Джейн и Дэн улыбнулись, на этот раз не так весело, как раньше.
— Это жестокая шутка. Но я подозреваю, что в вашей стране и до сих пор существует нечто, побуждающее скорее утопиться, чем последовать доброму совету иностранца. Такая свобода недоступна моему пониманию.
— Да и нашему тоже не очень.
Старый профессор улыбнулся:
— Что тут поделаешь. Кто знает — может быть, тот англичанин хотел, чтобы его съели крокодилы.

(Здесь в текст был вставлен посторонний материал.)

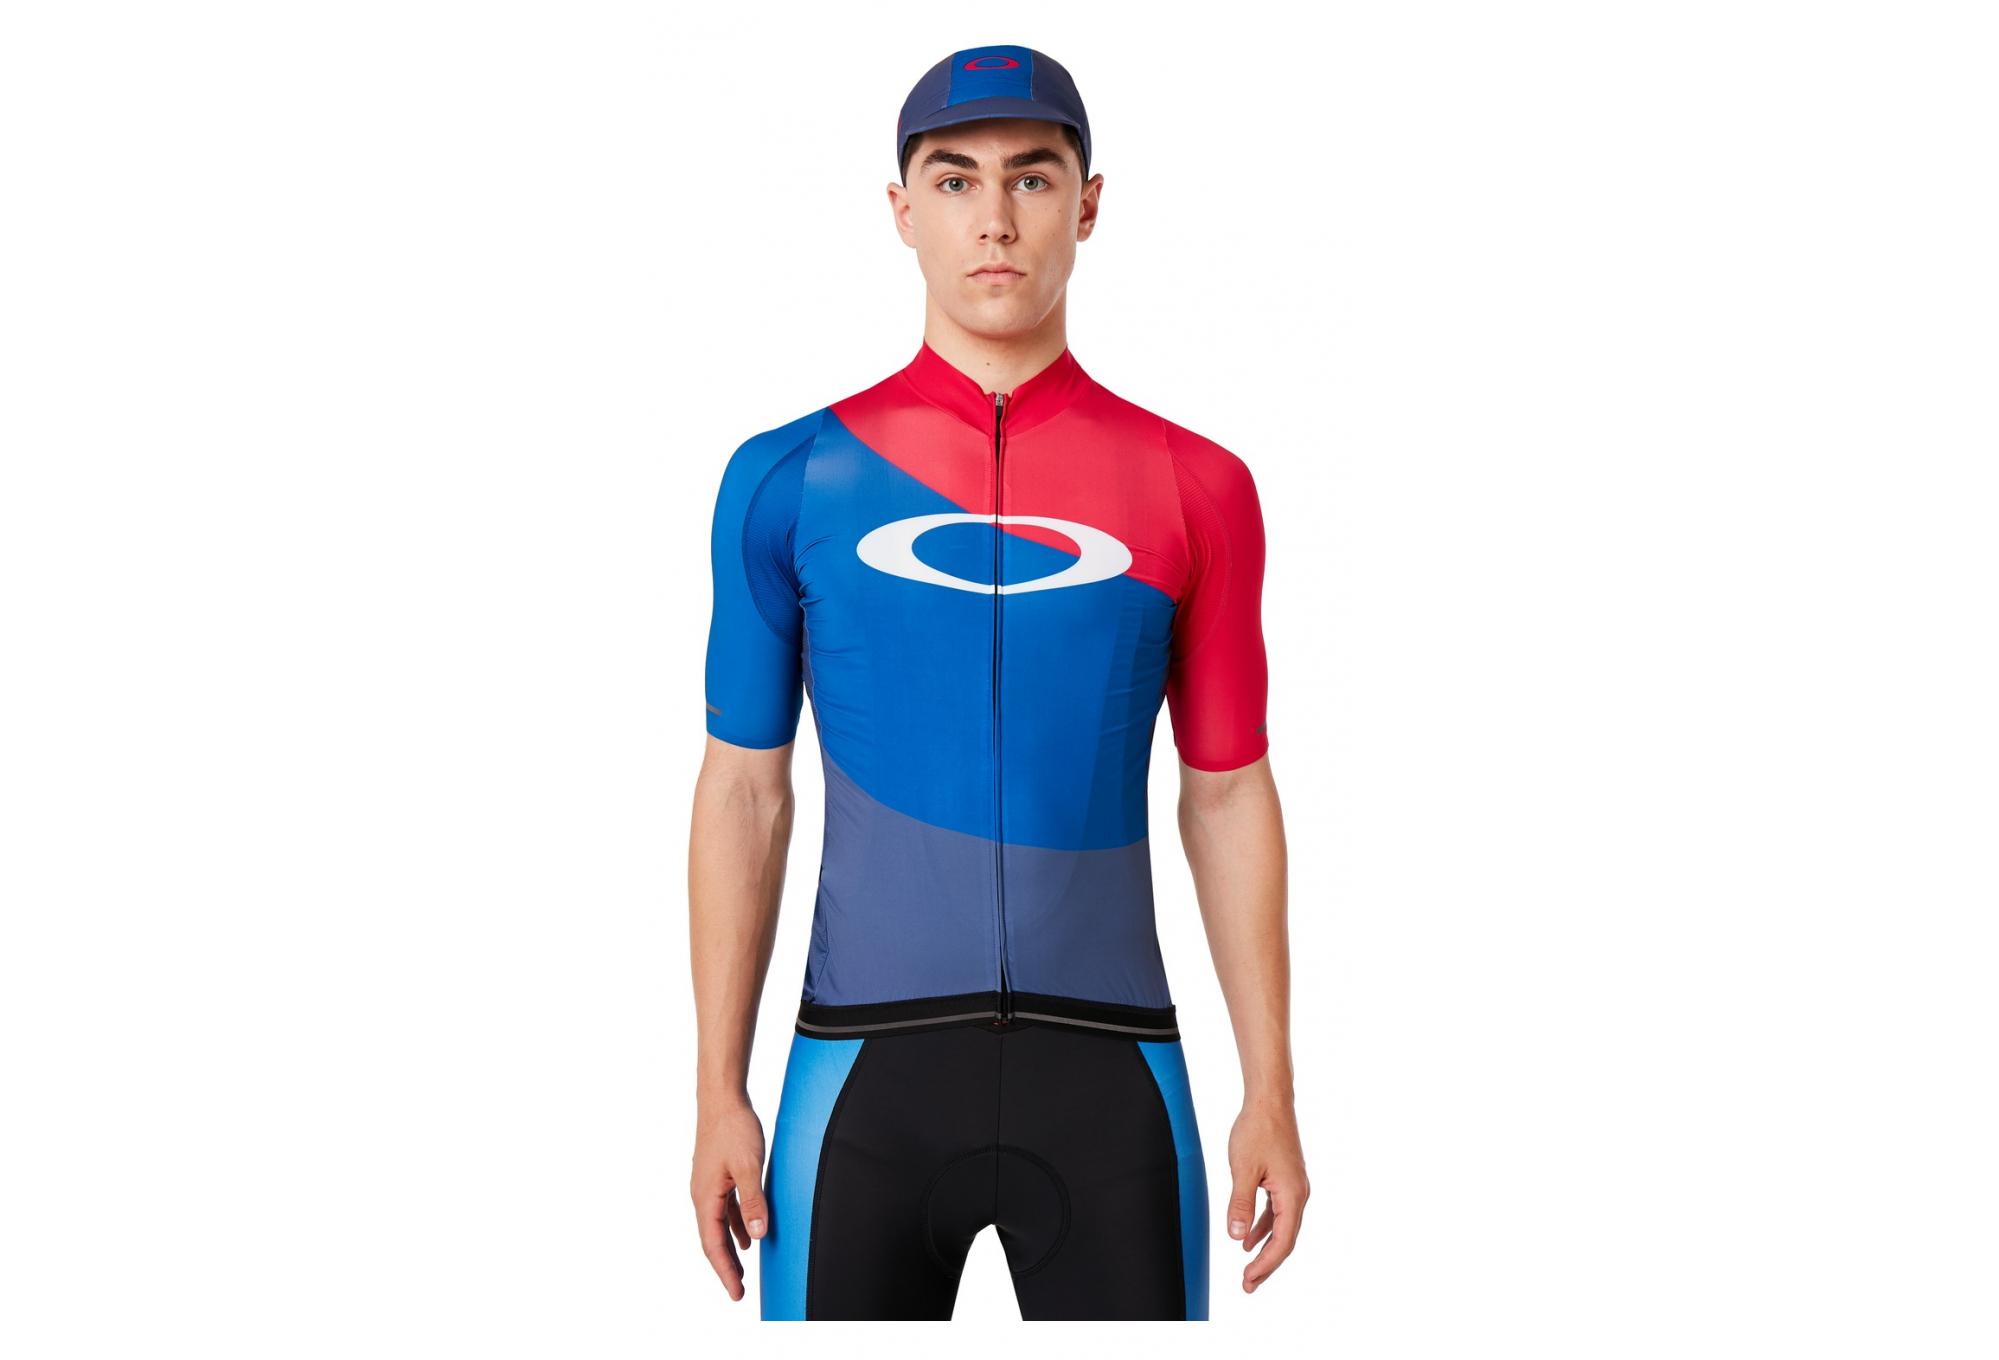 lega Grado Celsius buio  Oakley Aero Foggy Blue / Blue / Red Short Sleeve Jersey   Alltricks.com
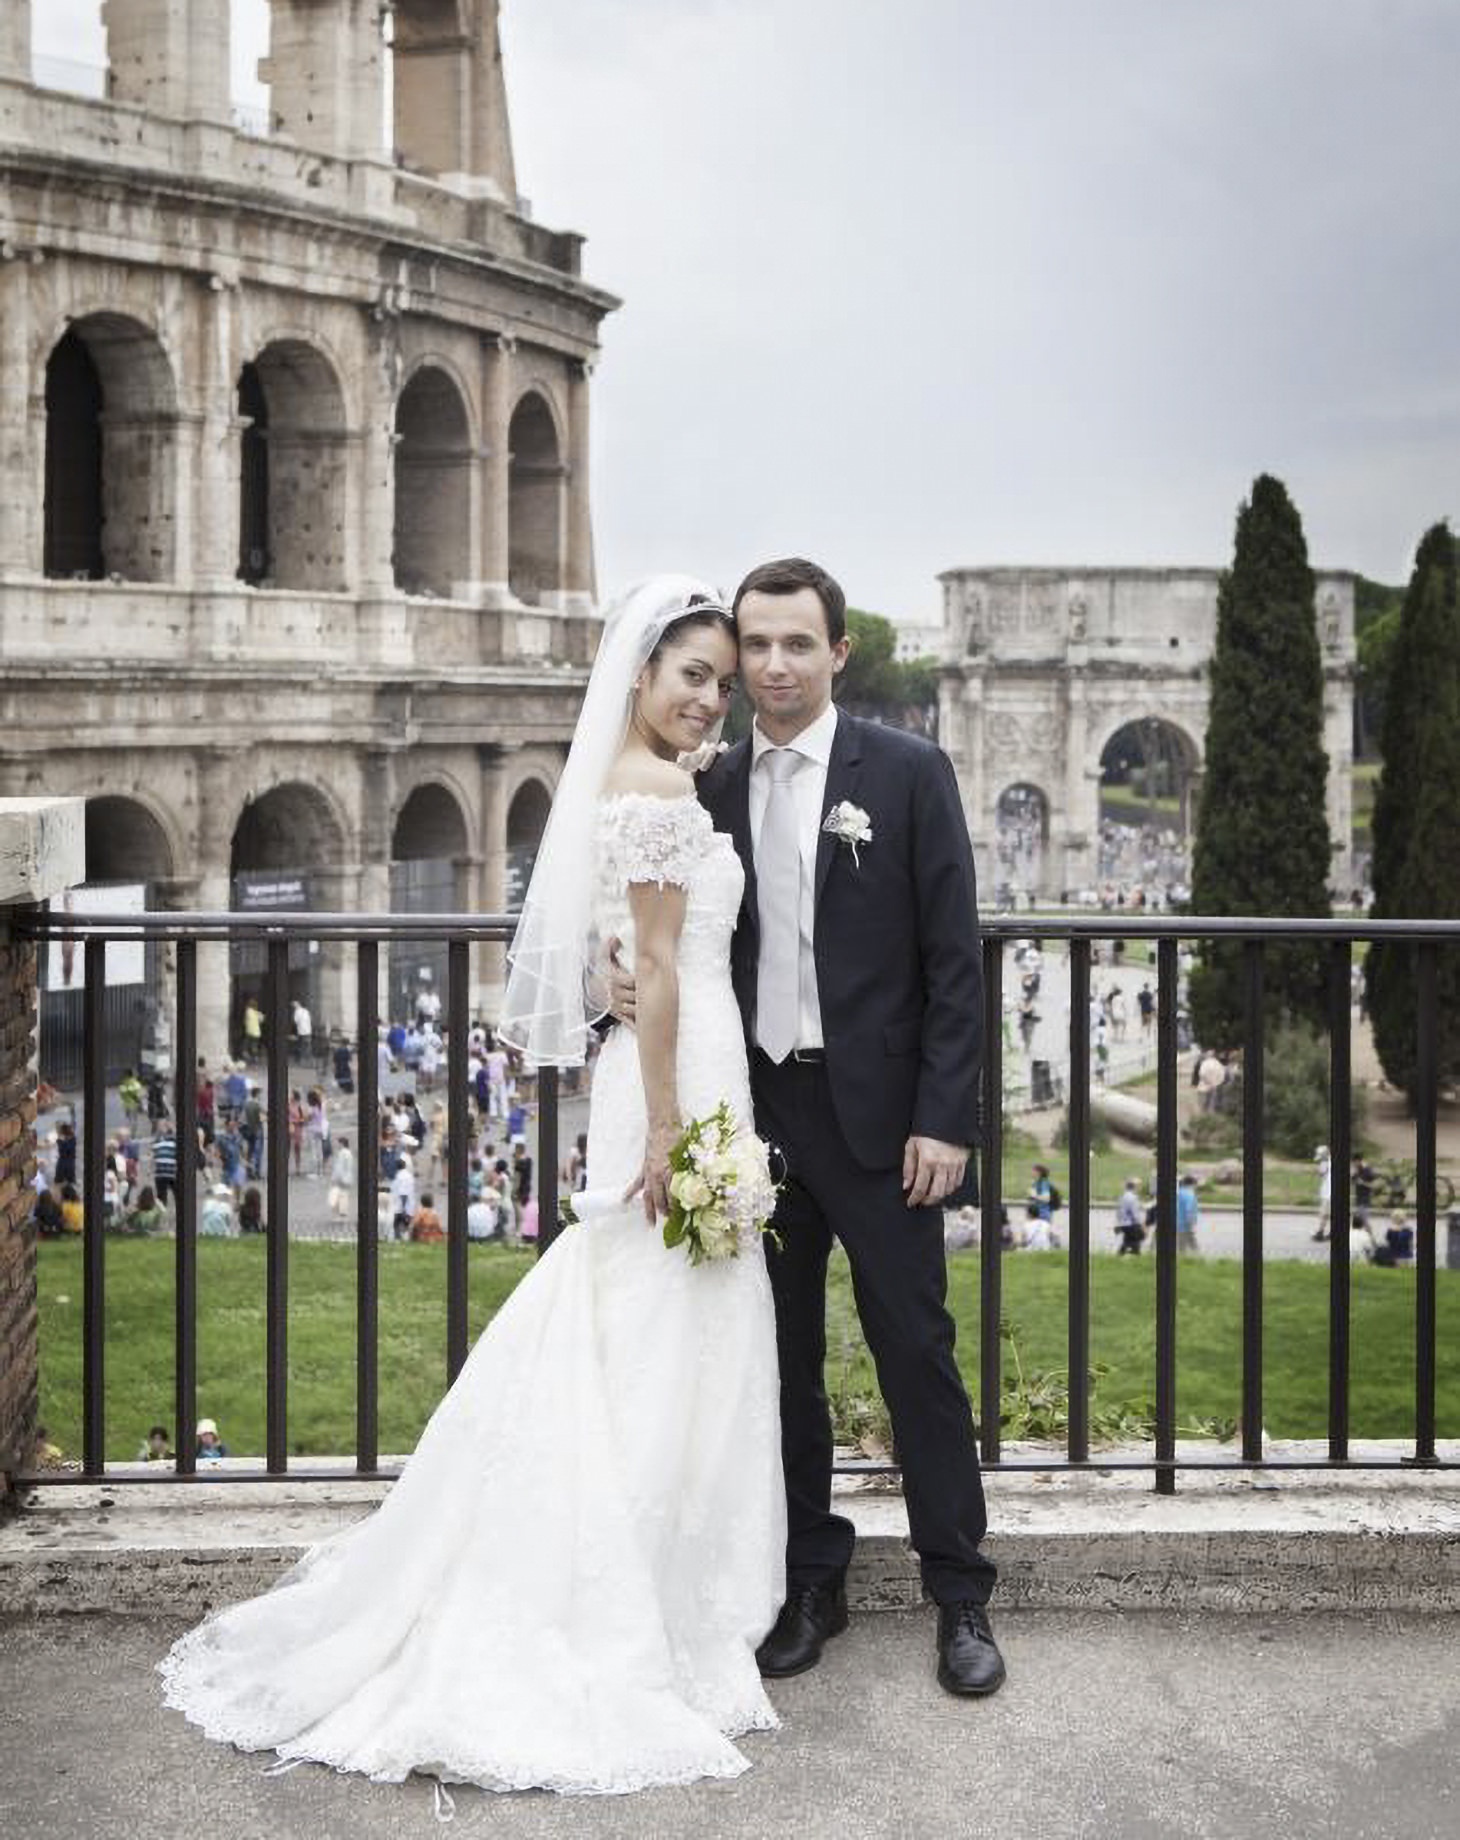 Rali & Jakub | Rome

Дэн взглянул на Джейн, которая давно уже не произносила ни слова; но в глазах её светилось мягкое согласие если не с ним, то хотя бы со стариком. Оба опустили глаза. Потом снова заговорил Дэн:
— Есть ли какая-то надежда, что конфликт между Востоком и Западом уладится?
— Раньше я испытывал чувство вины из-за того, что так долго занимался историей прошлого. Считал мои папирусы ширмой, отгородившей меня от того, чего не желал понимать. Но теперь я вижу, что такой ширмой может служить всё, что угодно, если человек этого хочет. Оправданием непонимания. — Он остановился на мгновение, потом снова заговорил: — Я помню — это ещё до войны было — спор между двумя деревнями по разным берегам Нила. К северу от Луксора, где я тогда работал. Из-за права ловить рыбу. Спор был яростный, даже кровь пролилась. Как-то я спросил у одного из старейшин — он был крестьянин, неграмотный, но очень мудрый старик, — почему они, вместе со старейшиной другой деревни, не порешат спор путём компромисса? Он упрекнул меня за глупый оптимизм. Он сказал: не может быть мира меж людьми ни на том, ни на этом берегу. Только в реке меж берегами.